There is still a lot of non-functional, side-effect producing code here. I'm using Array for both the command line arguments and the list of k sampled lines. I think that is the real power of Scala, actually. Both of those things are cases where having side effects really makes the programming easier. I could have written a helper function to replace on of the k lines in a List, but I think the resulting code would have been longer and no more understandable (in fact, probably less).

A good friend, who has been at this longer than me, contributed this version of the code, which uses an implicit constructor. He notes that it probably isn't a great idea to do this in large scale production code. The proliferation of implicit constructors can lead to some truly bizarre behavior due to unintended conversions. Still, it does nicely simplify some of the code from my previous example:

import java.io._
import Console._
import Math._

object ReservoirSampleImplicit {
  implicit def readerToStream(r: BufferedReader) : Stream[String] = {
      val line = r.readLine()
      if (line == null)
          Stream.empty
      else
          Stream.cons(line, readerToStream(r))
  }

  def main(args: Array[String]) : Unit = {
      val k: Int = args(0).toInt
      val r = new BufferedReader(new FileReader(args(1)))

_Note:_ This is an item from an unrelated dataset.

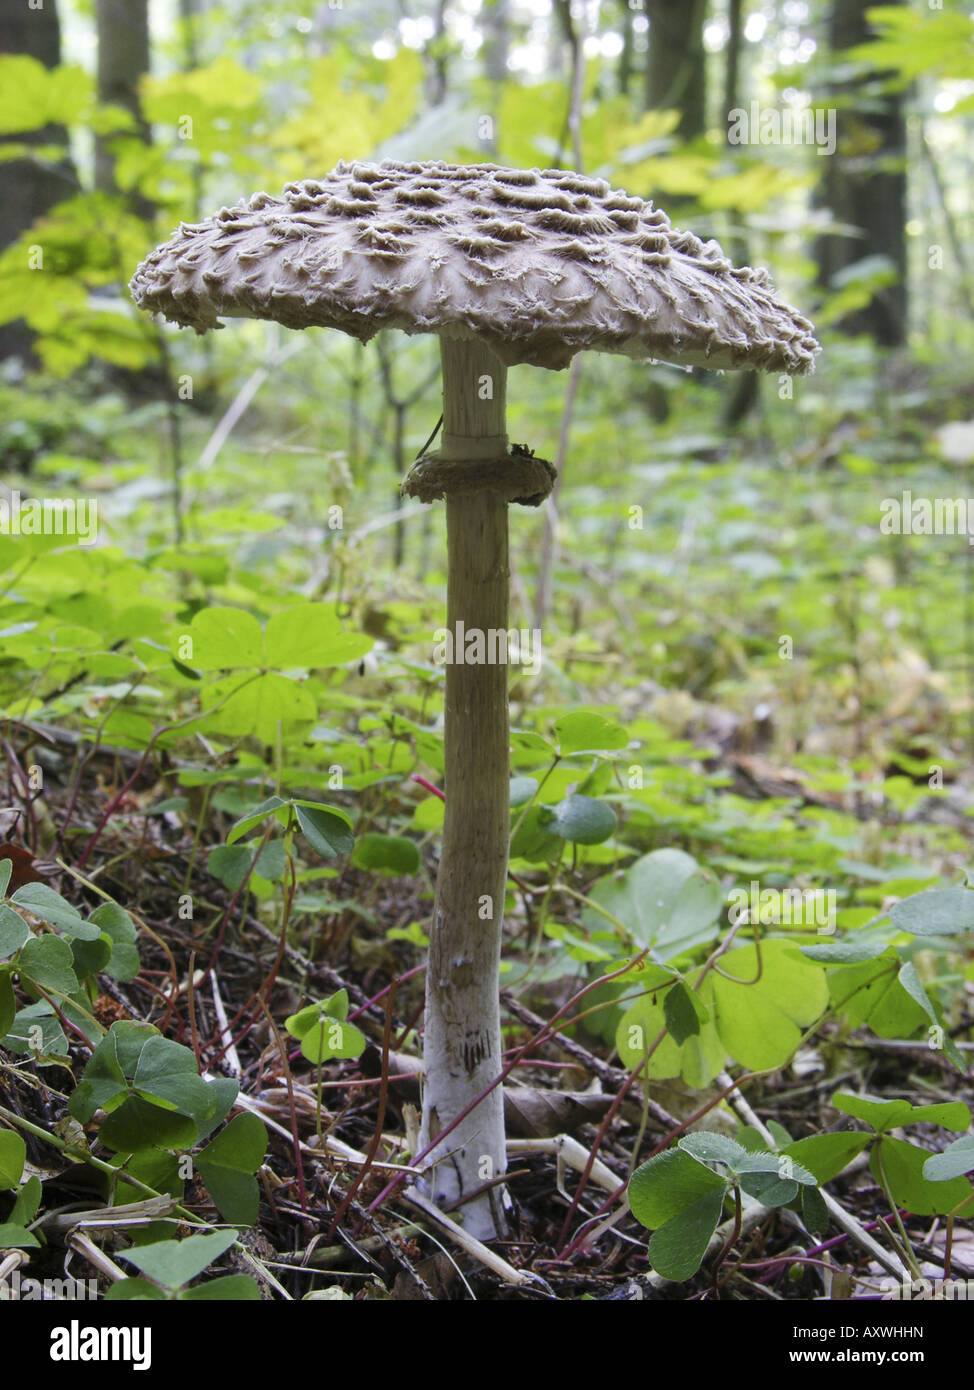 Shaggy parasol (Chlorophyllum rachodes, Macrolepiota rachodes, Chlorophyllum racodes, Macrolepiota racodes), at forest ground Stock Photo

      def algorithmR(p: (Int,Array[String]), e: String) : (Int, Array[String]) = {
          val (i,a) = p

          if (i < k)
              a(i) = e
          else if (random < (k.toDouble/i.toDouble))
              a((random * k.toDouble).toInt) = e

          (i+1,a)
      }

      val (_,rs) = r.foldLeft (
          (0, new Array[String](k))
      ) (algorithmR)

      for (val r <- rs) println(r)
  }
}
That's it for now. I'm going to try to tackle some of Scala's Actor libraries for the next week or so. I'll post here if I come up with any interesting applications of them. If you know Scala and have a better way to solve the Reservoir Sampling problem, I would love to hear about it. Scala is a huge language with a lot of features, and I don't feel like I've even started to explore the space of possible ways to solve this problem using it.